**TRY IT**
Produce a word-for-word copy of the listing below without its pictures.

**SUPPLIED DATA**
━━━━━━━━━━━━━━━━━━━━
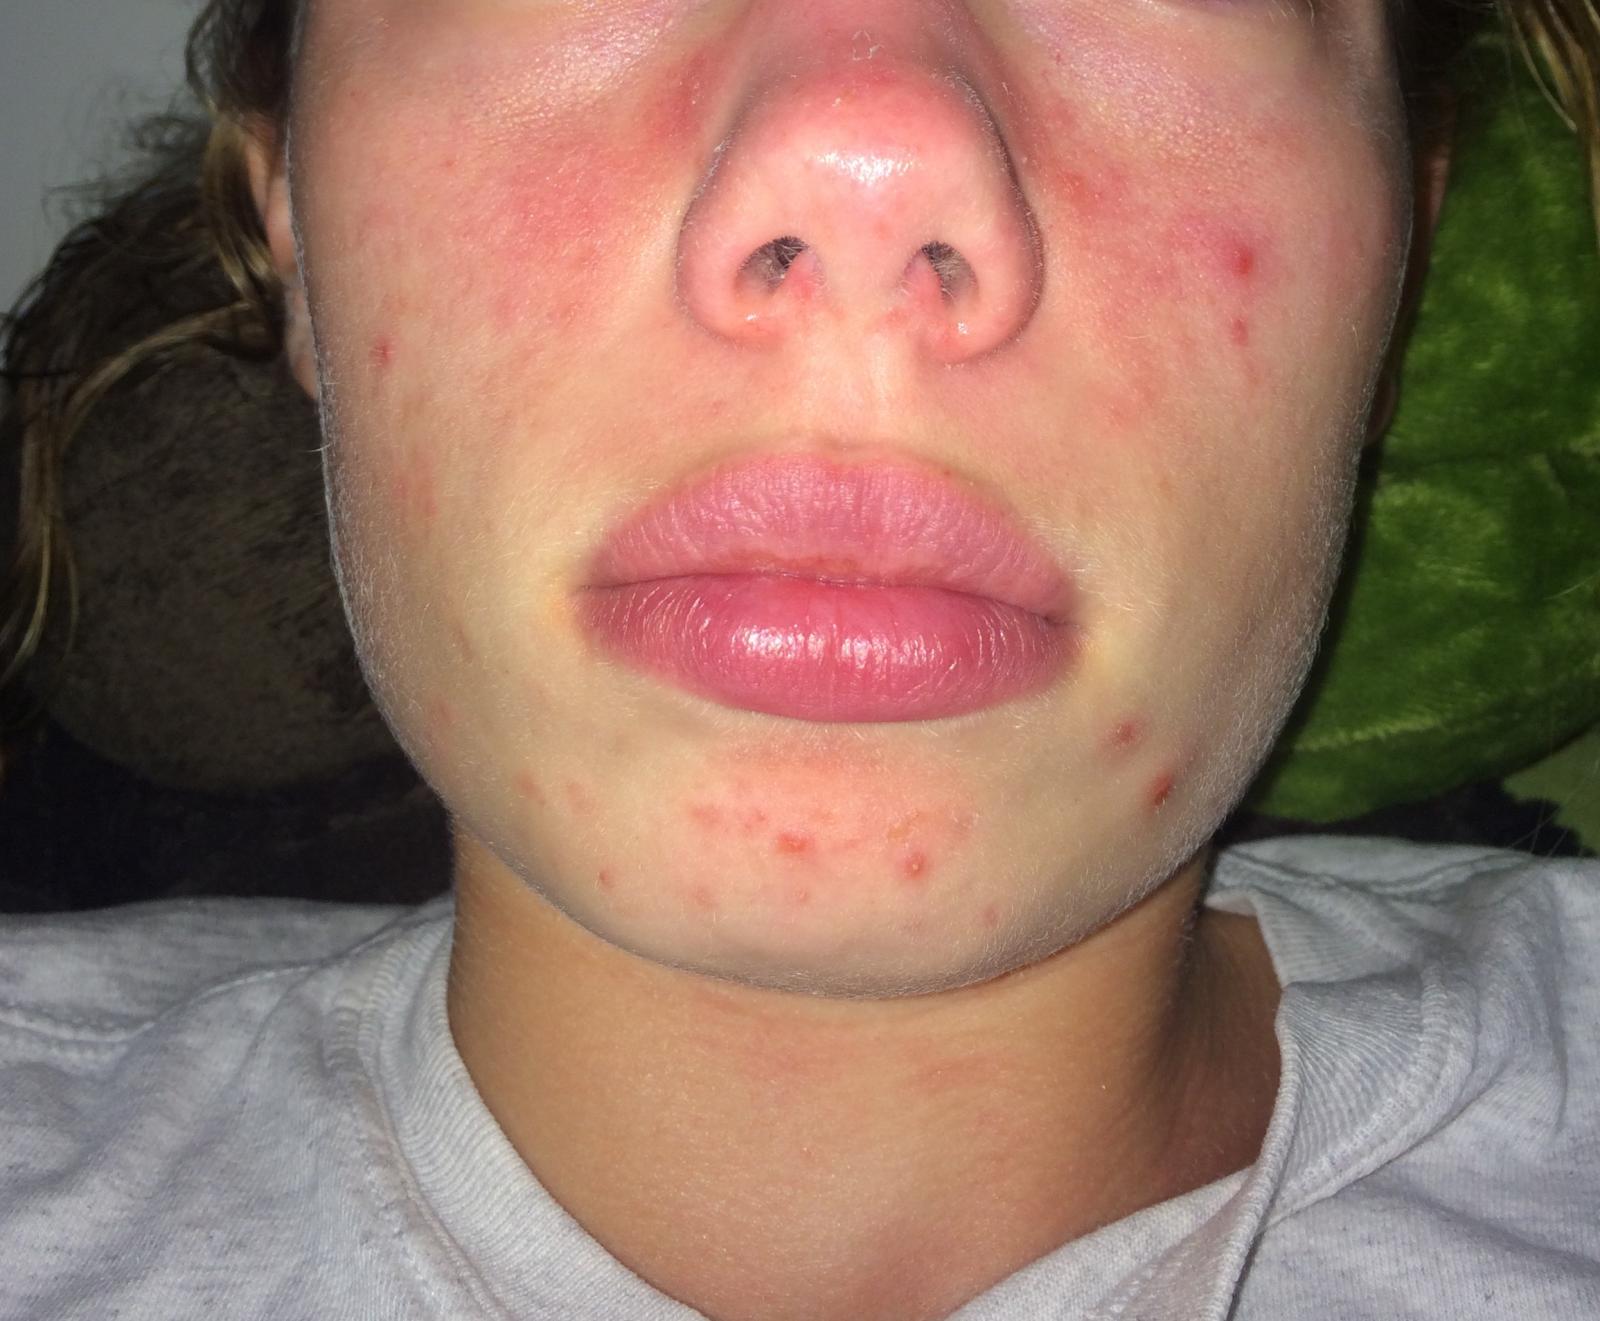 What Age Is Acne The Worst
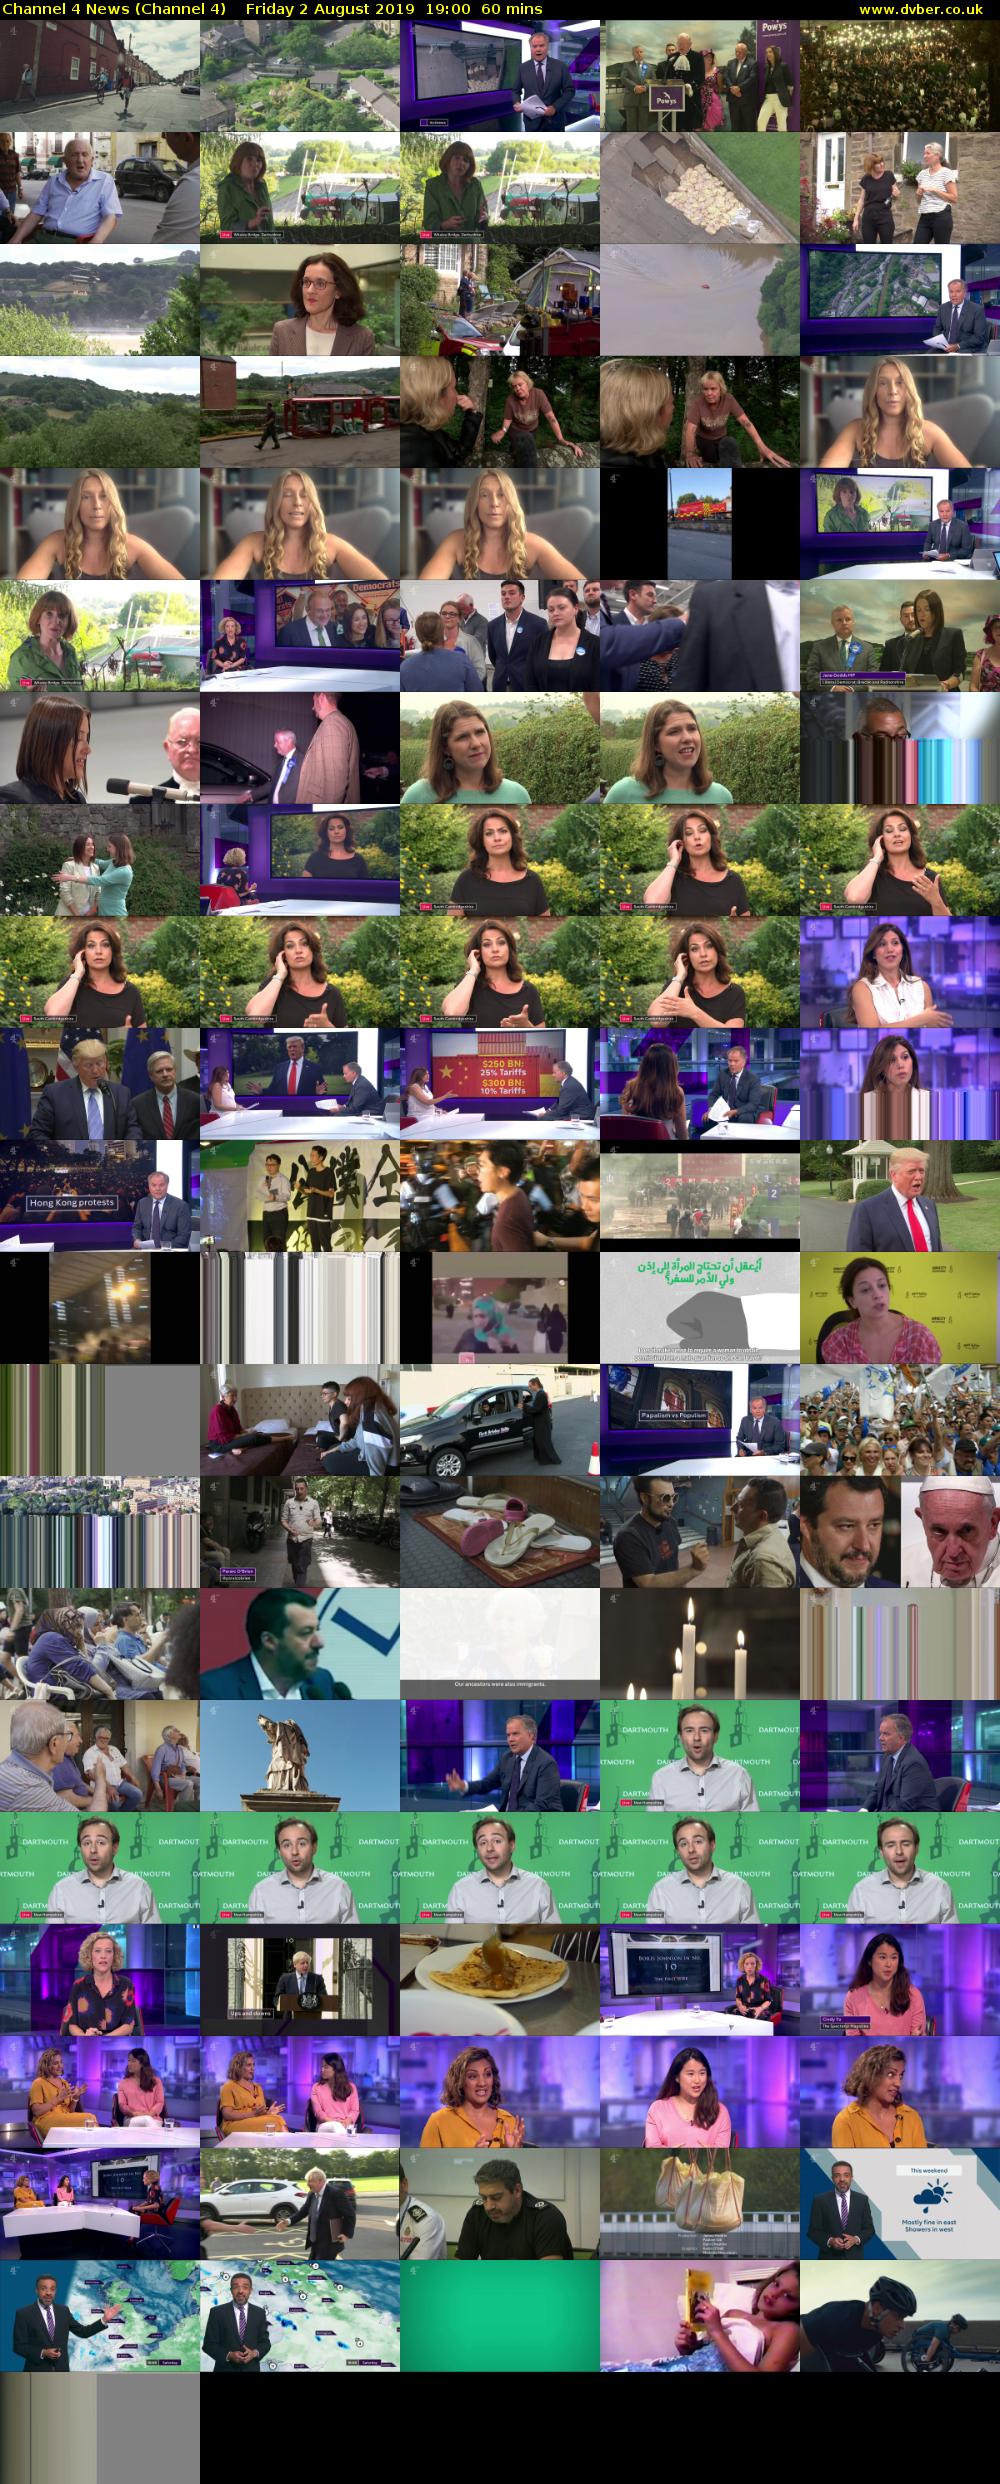 Channel 4 News (Channel 4) Friday 2 August 2019 19:00 - 20:00
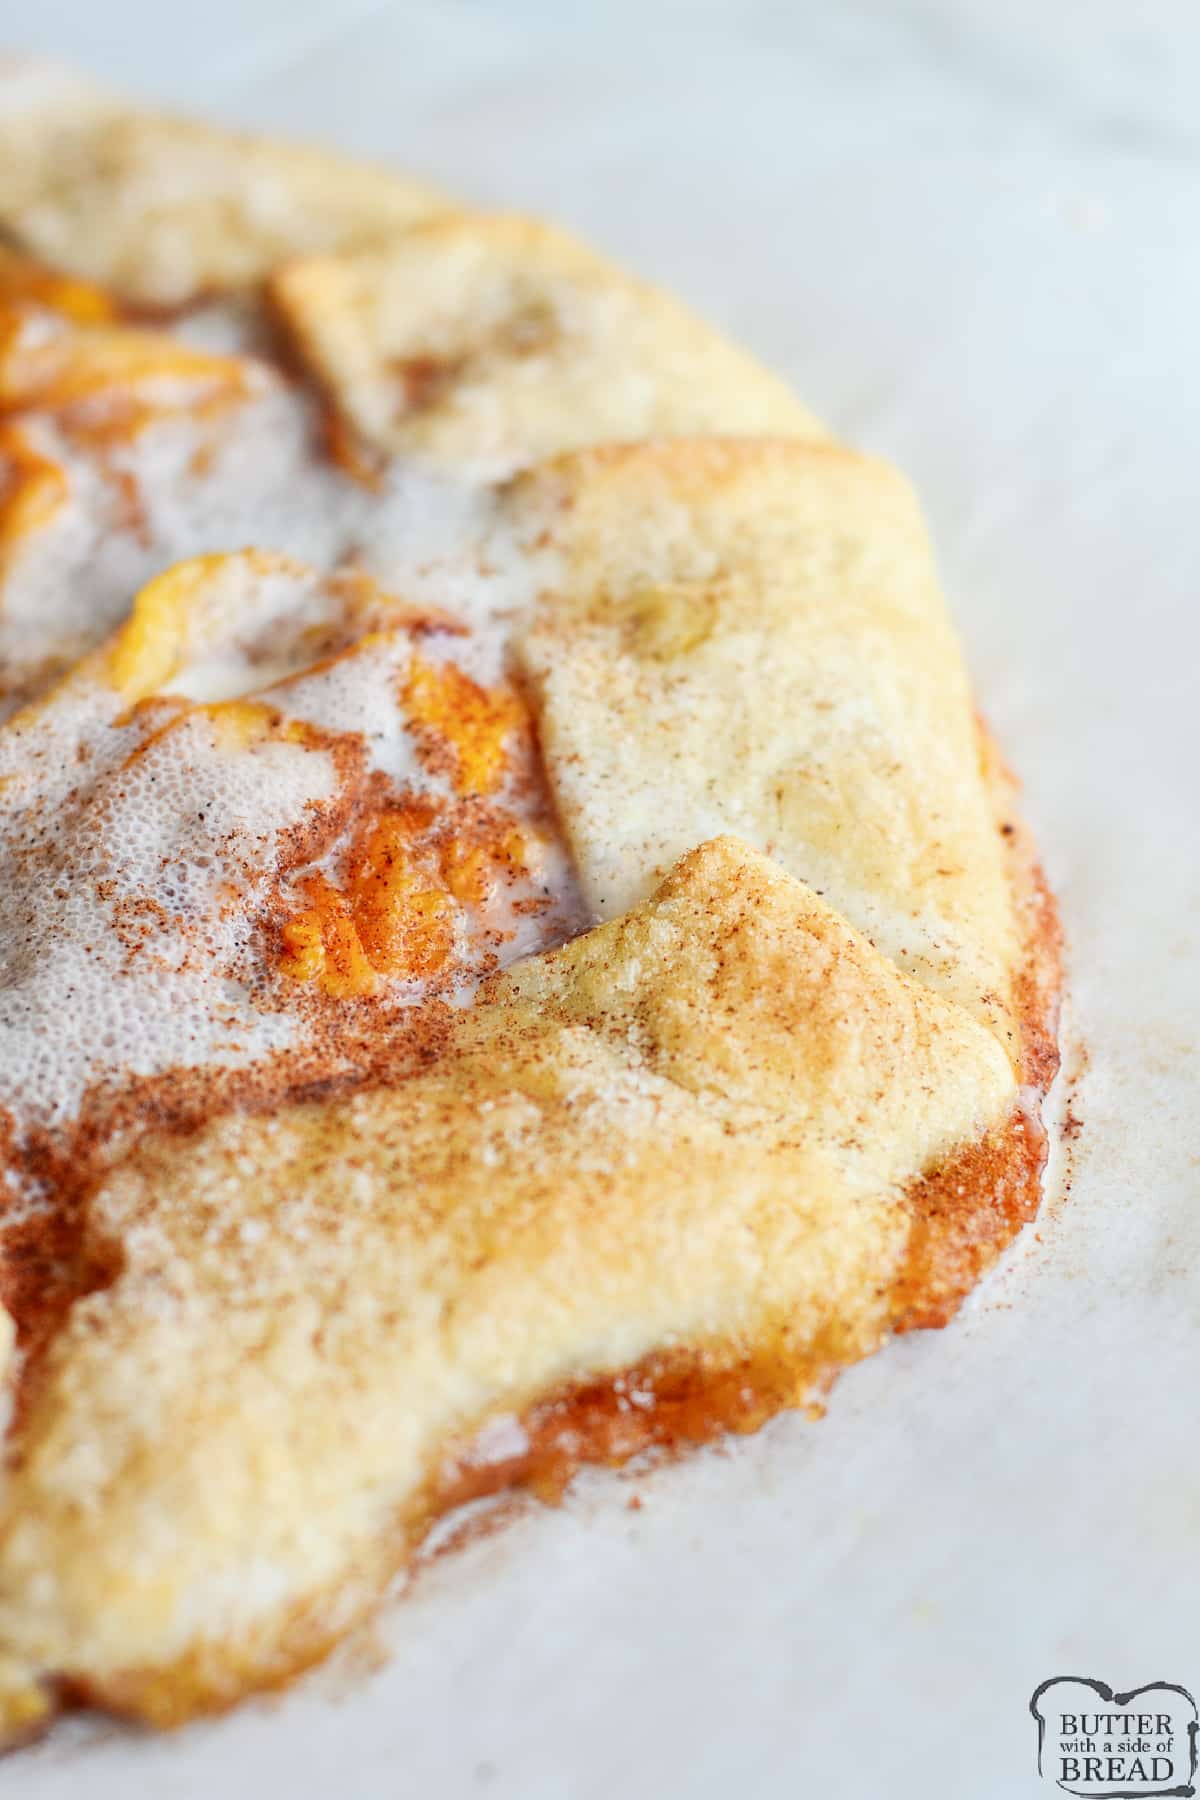 Easy Peach Galette made with fresh peaches and a simple pie crust recipe. Simple peach dessert that tastes even better with a scoop of vanilla ice cream!
━━━━━━━━━━━━━━━━━━━━
**RESPONSE AREA**
 What Age Is Acne The Worst
 Channel 4 News (Channel 4) Friday 2 August 2019 19:00 - 20:00
 Easy Peach Galette made with fresh peaches and a simple pie crust recipe. Simple peach dessert that tastes even better with a scoop of vanilla ice cream!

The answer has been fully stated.